EXERCISE DIRECTIONS.
The copy should hold exactly the lines below from the one that contains "02-06-Nissan Car in the rain" through the one that contains "05720cedb4331 Adidas x" and nothing else, so no pictures.

THE DATA.
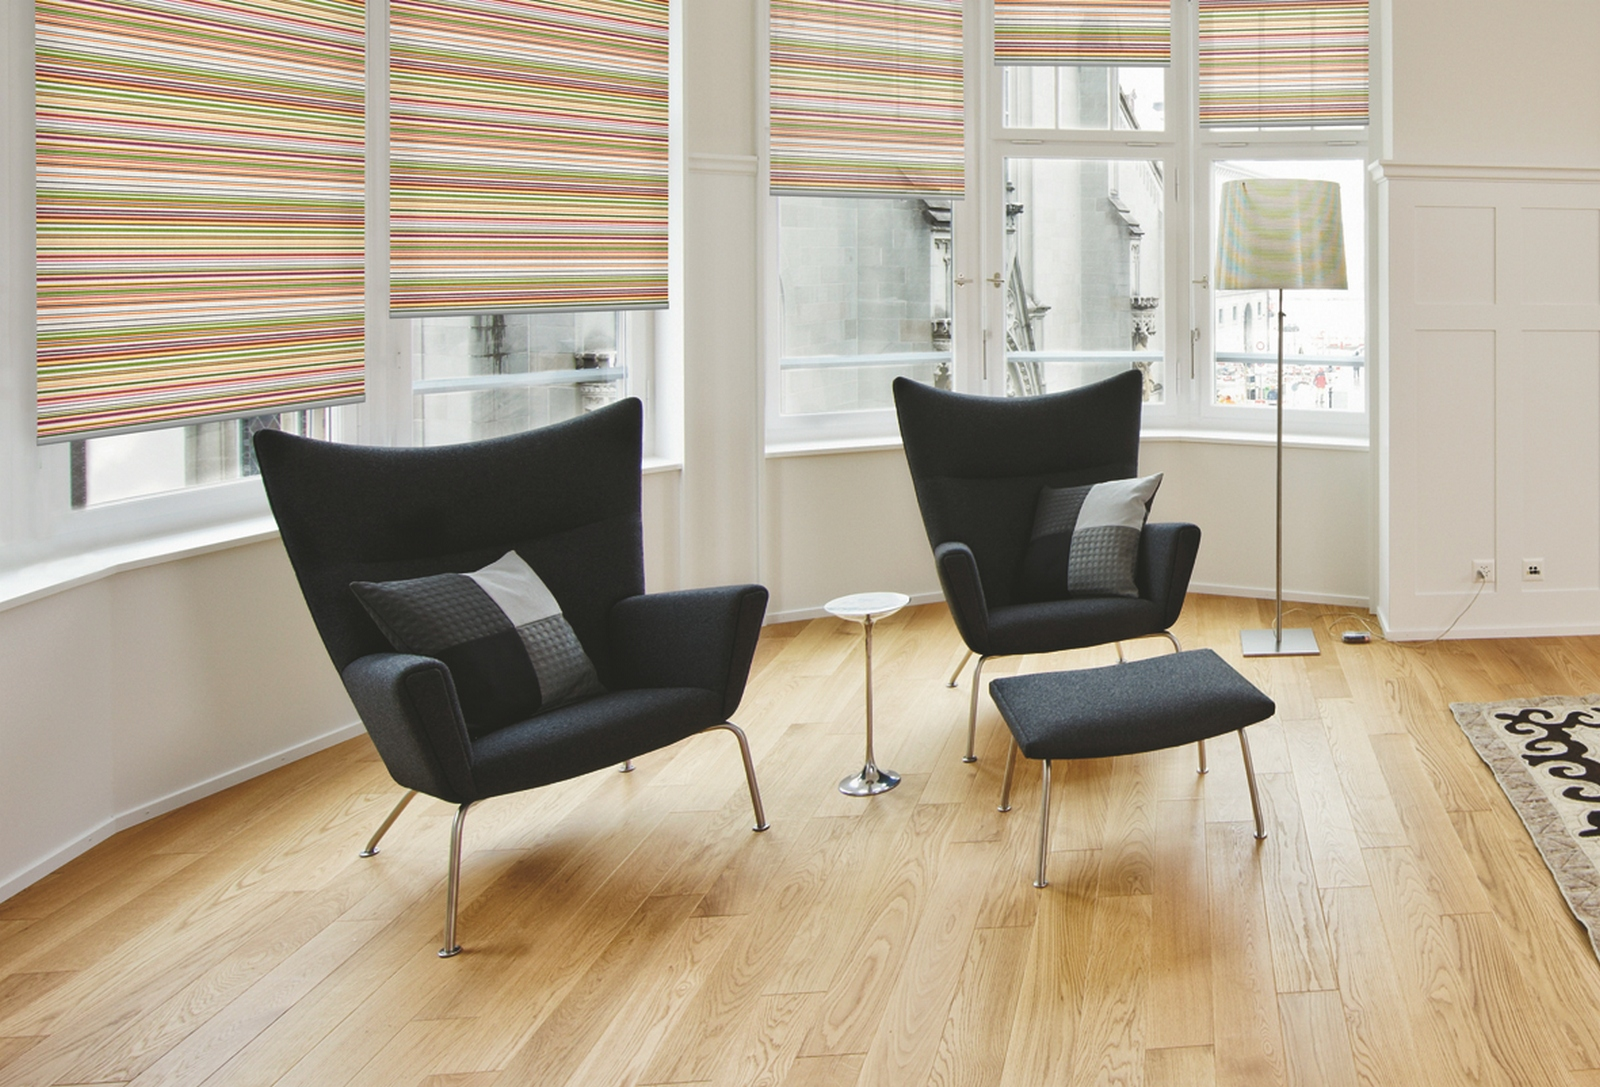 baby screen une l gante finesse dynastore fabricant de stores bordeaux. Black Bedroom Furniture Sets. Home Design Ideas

--

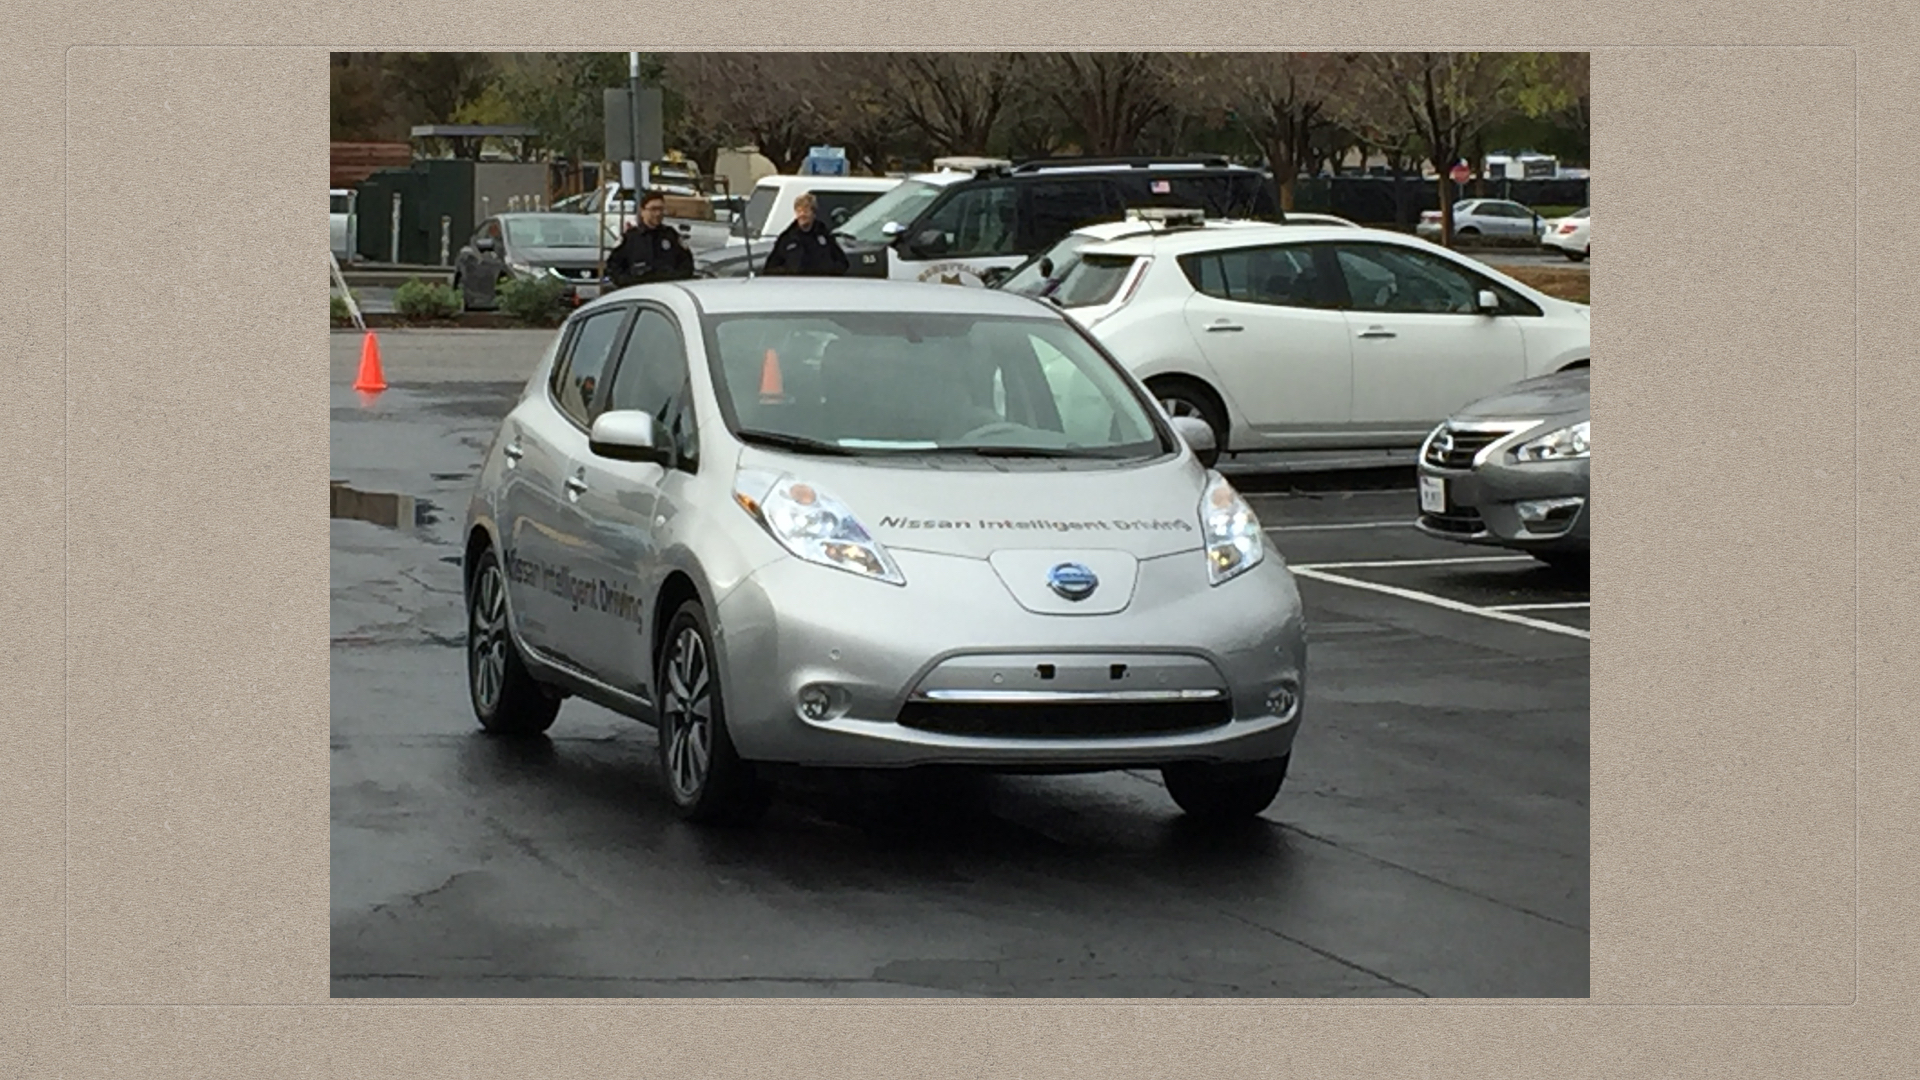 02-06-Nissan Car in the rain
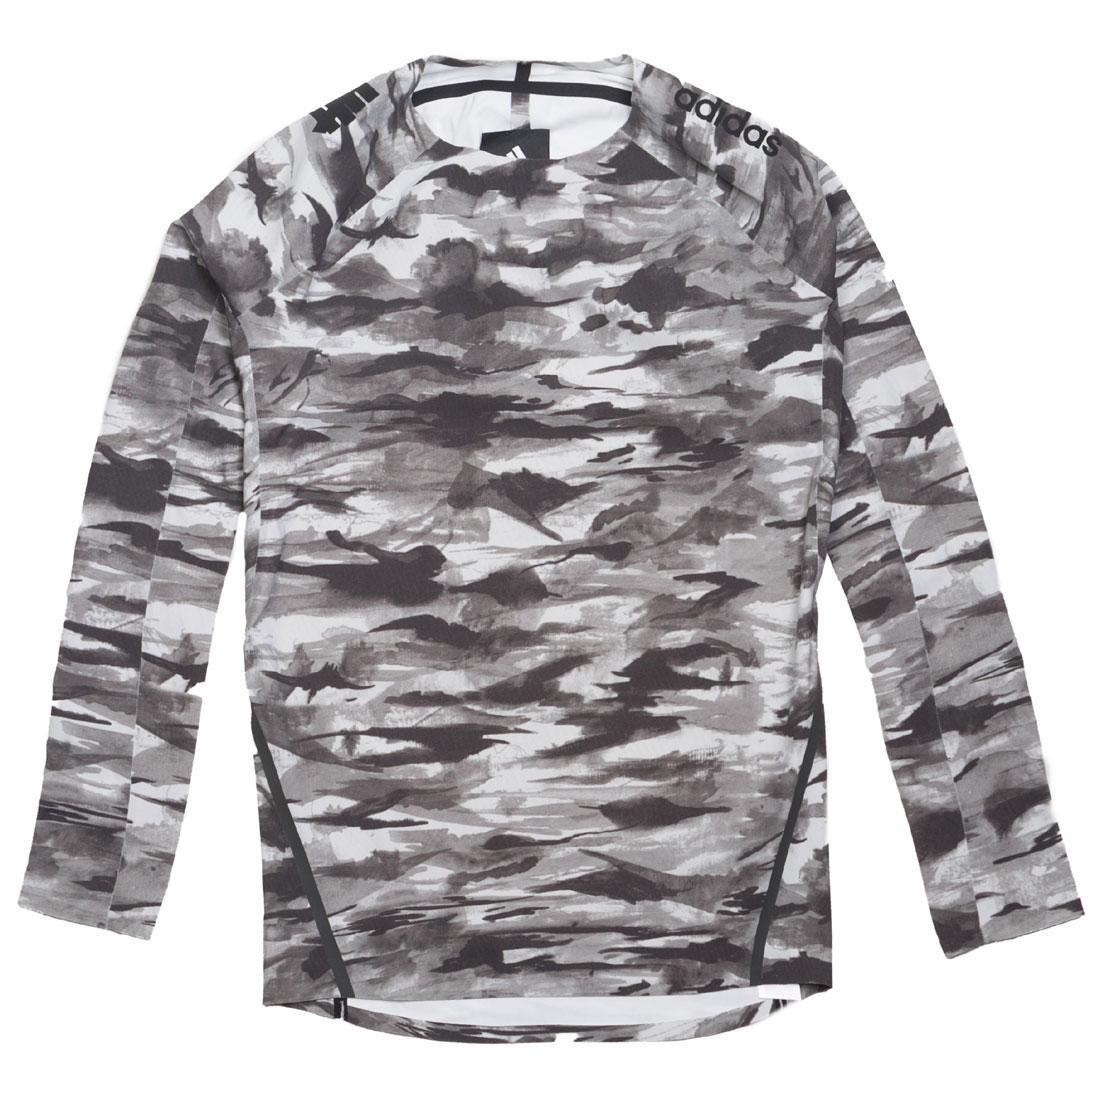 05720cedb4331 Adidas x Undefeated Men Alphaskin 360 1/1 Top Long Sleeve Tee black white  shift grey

THE COMPLETED TASK.
 02-06-Nissan Car in the rain
 05720cedb4331 Adidas x Undefeated Men Alphaskin 360 1/1 Top Long Sleeve Tee black white  shift grey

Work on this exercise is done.